Transcribe everything in the listing below exactly, except the pictures.

→ SOURCE MATERIAL

□ □ □ □

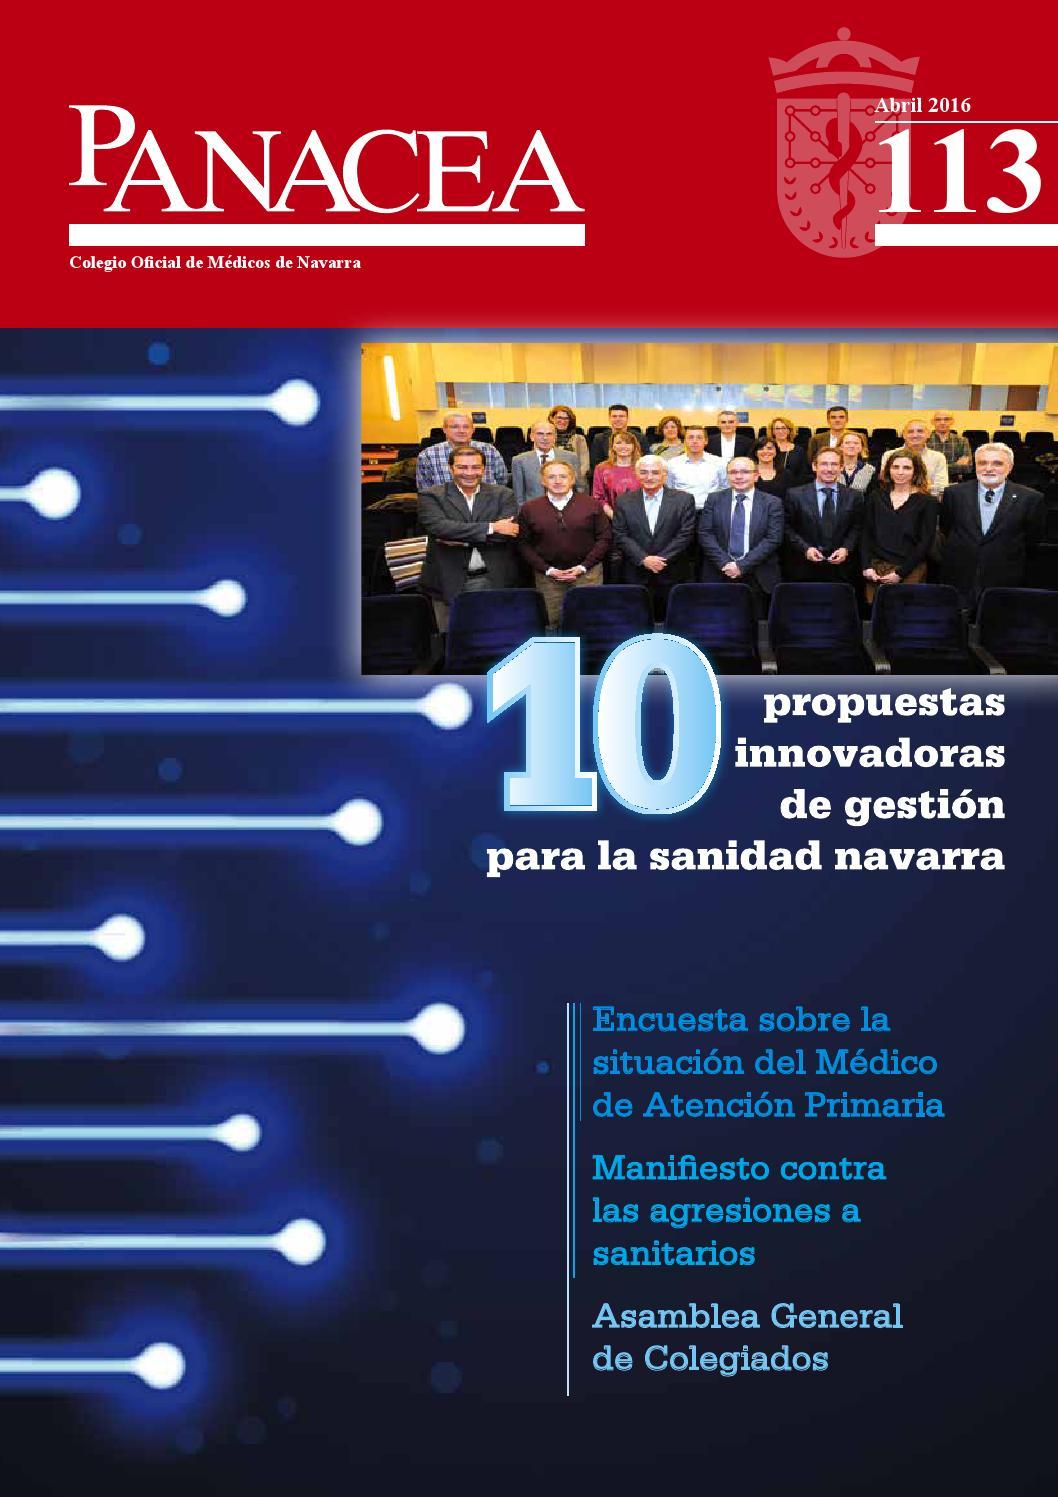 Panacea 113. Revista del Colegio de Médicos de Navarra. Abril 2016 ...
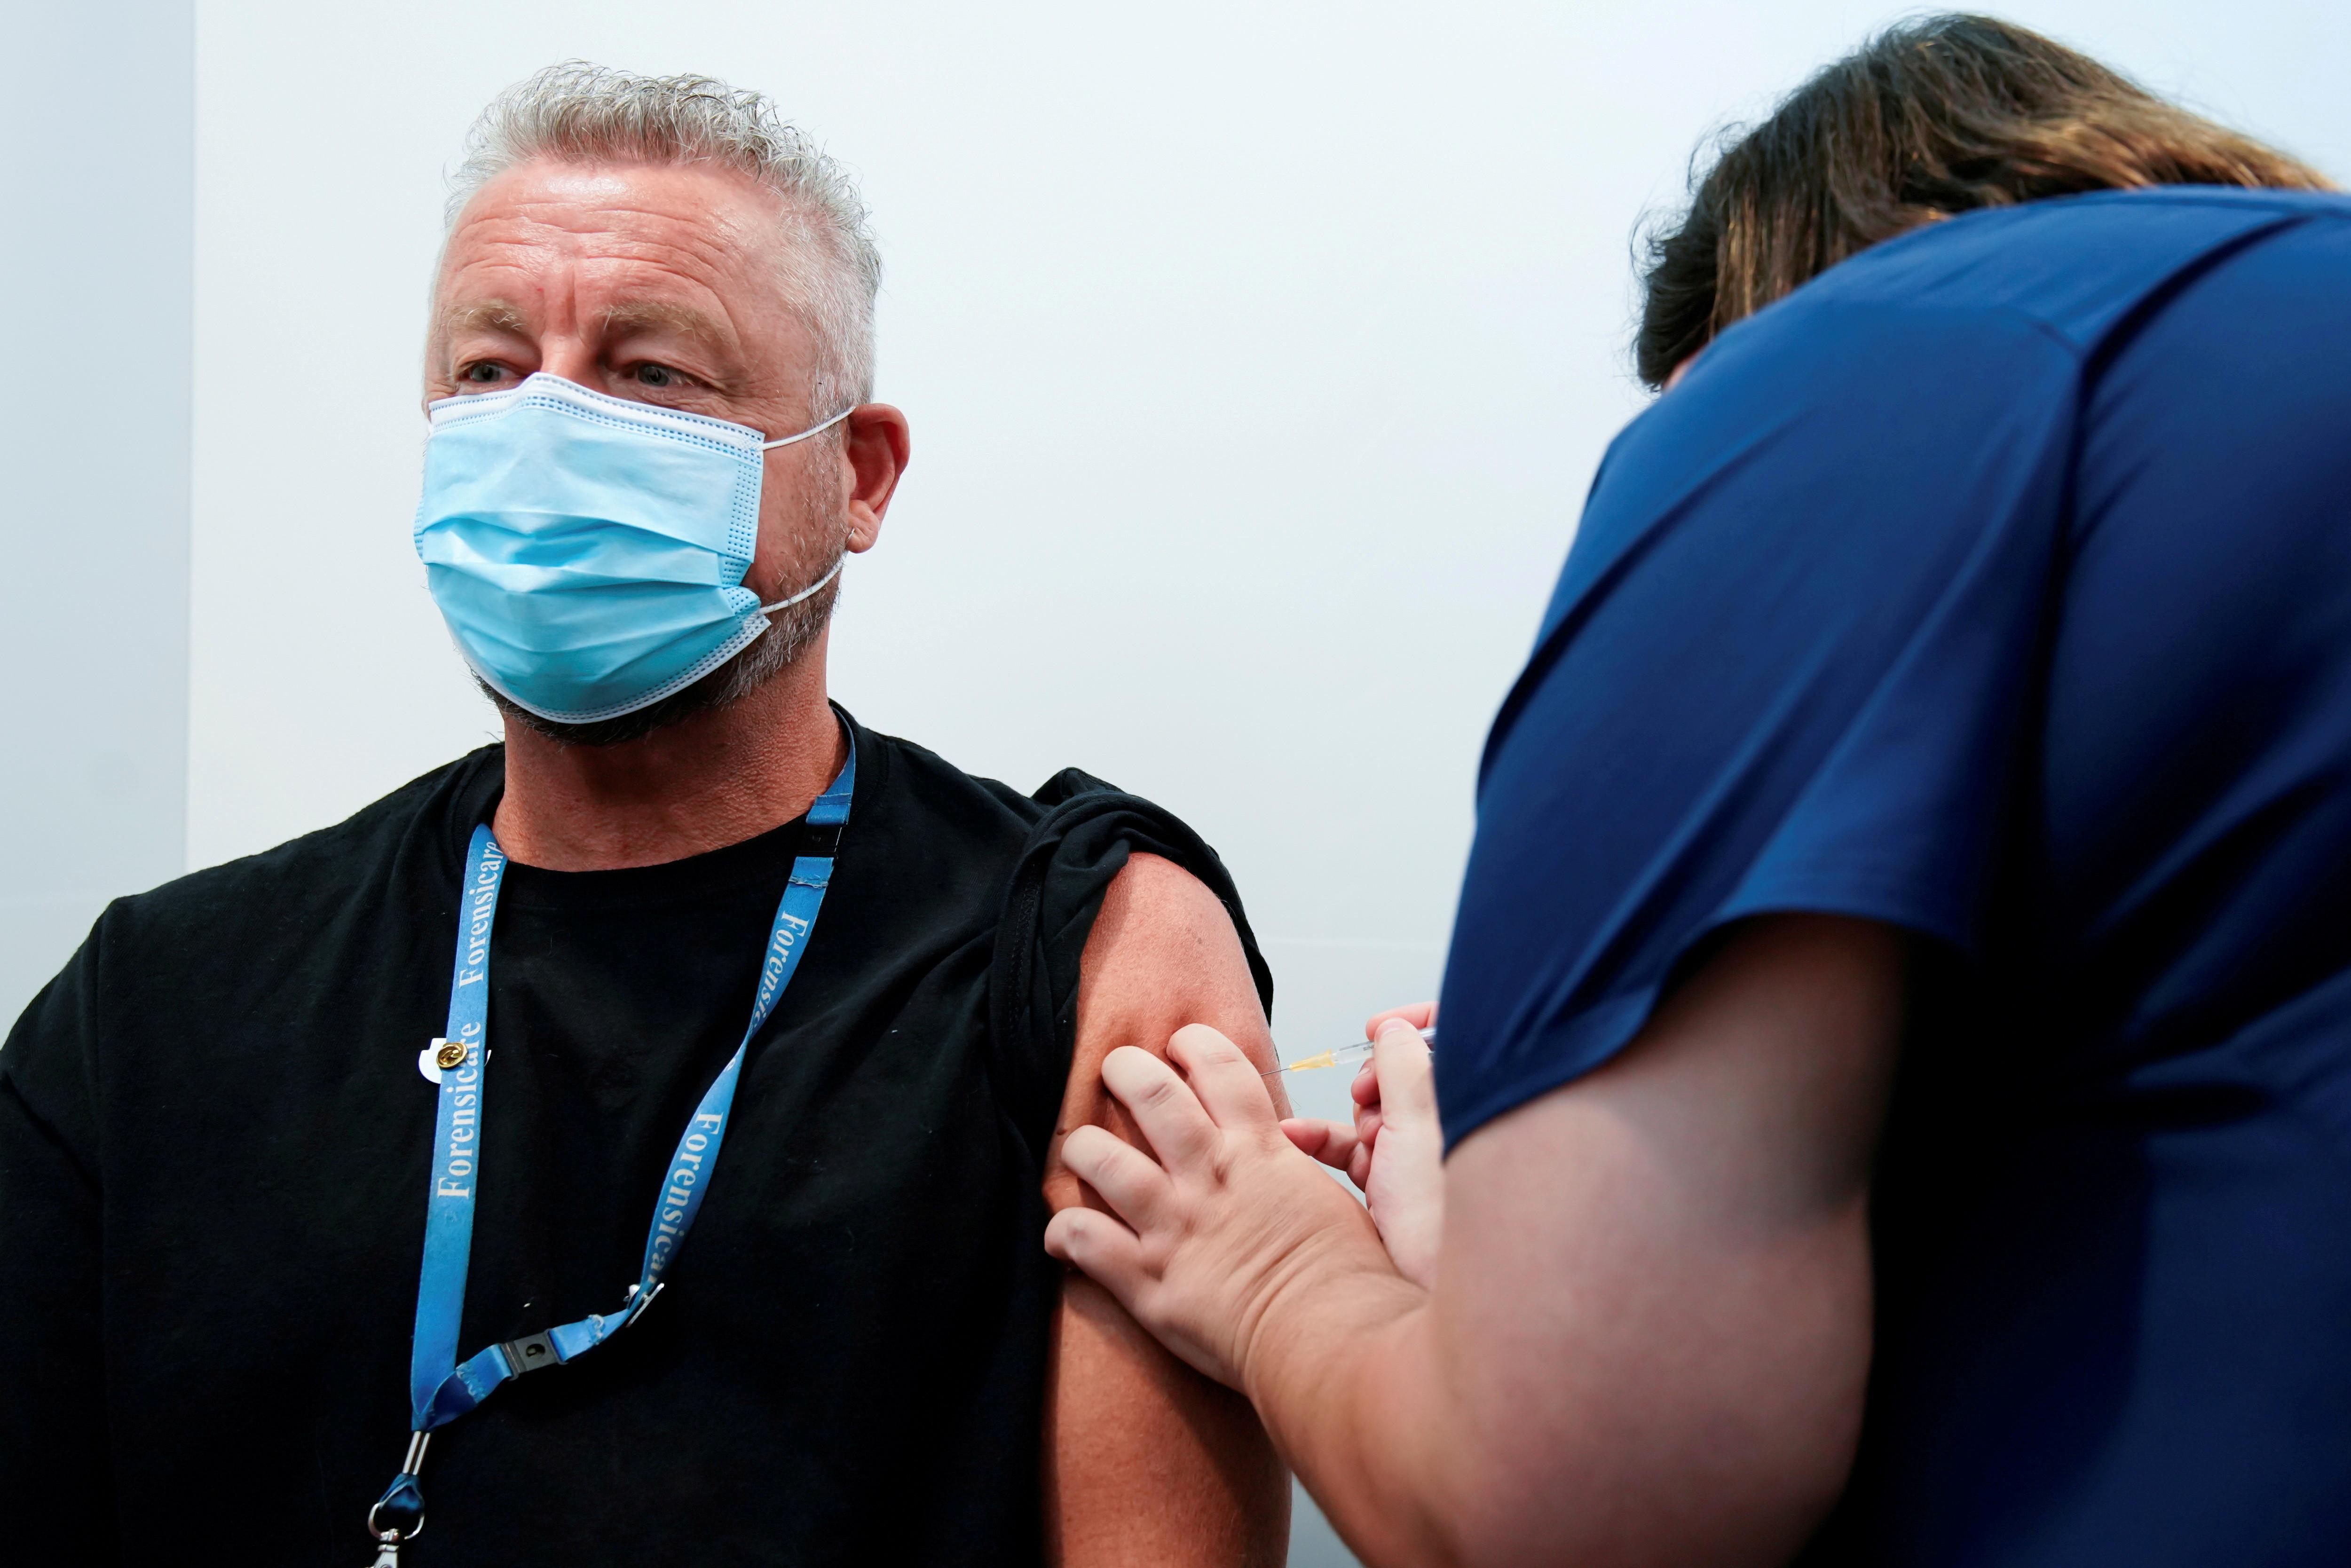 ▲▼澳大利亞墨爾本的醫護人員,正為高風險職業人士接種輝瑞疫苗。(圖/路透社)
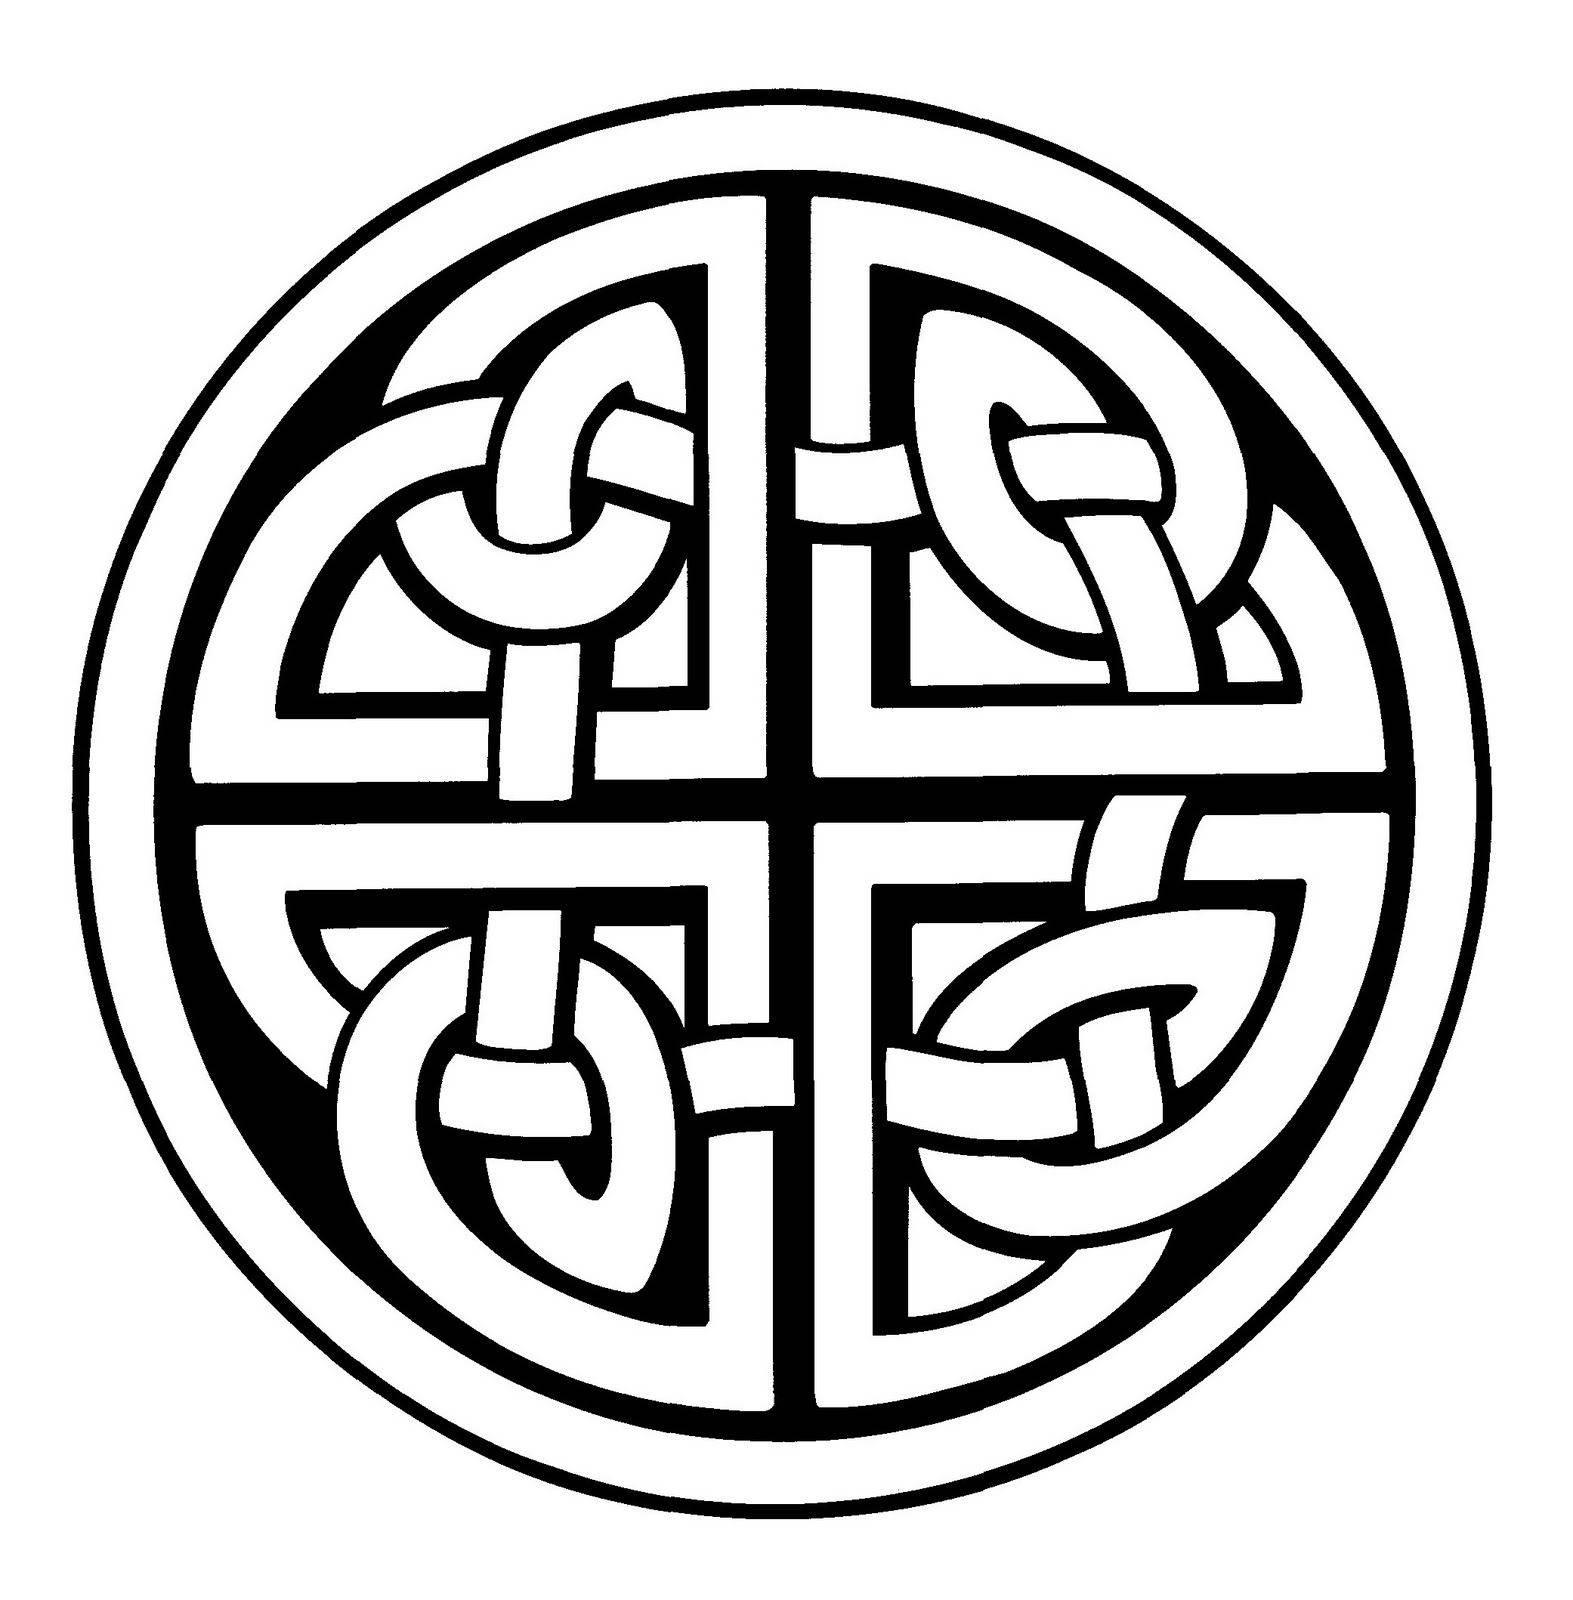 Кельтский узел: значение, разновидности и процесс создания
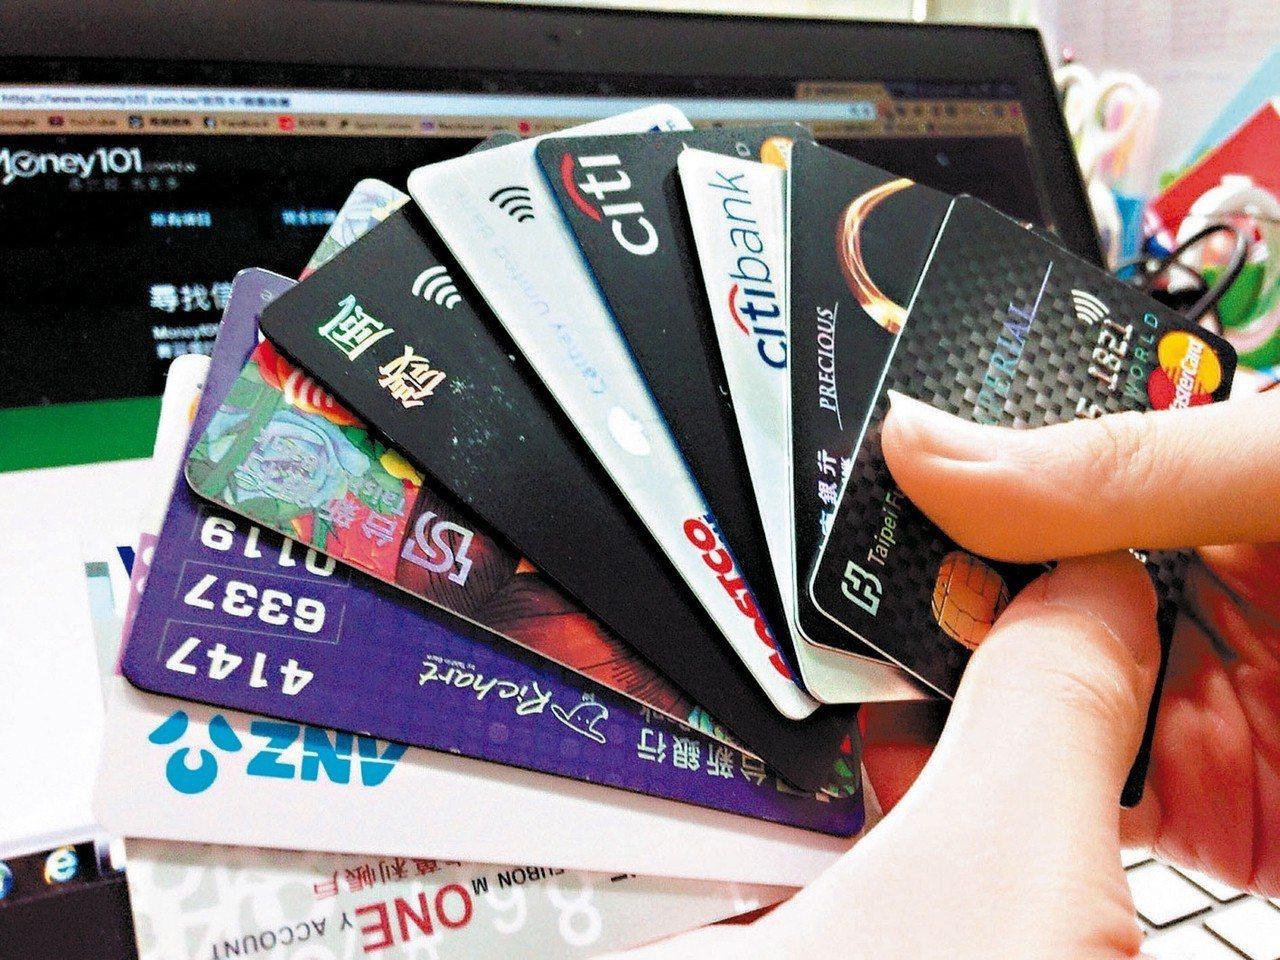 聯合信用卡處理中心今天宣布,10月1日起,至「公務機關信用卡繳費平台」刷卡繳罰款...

□ □ □ □

→ TASK ANSWER
 Panacea 113. Revista del Colegio de Médicos de Navarra. Abril 2016 ...
 ▲▼澳大利亞墨爾本的醫護人員,正為高風險職業人士接種輝瑞疫苗。(圖/路透社)
 Кельтский узел: значение, разновидности и процесс создания
 聯合信用卡處理中心今天宣布,10月1日起,至「公務機關信用卡繳費平台」刷卡繳罰款...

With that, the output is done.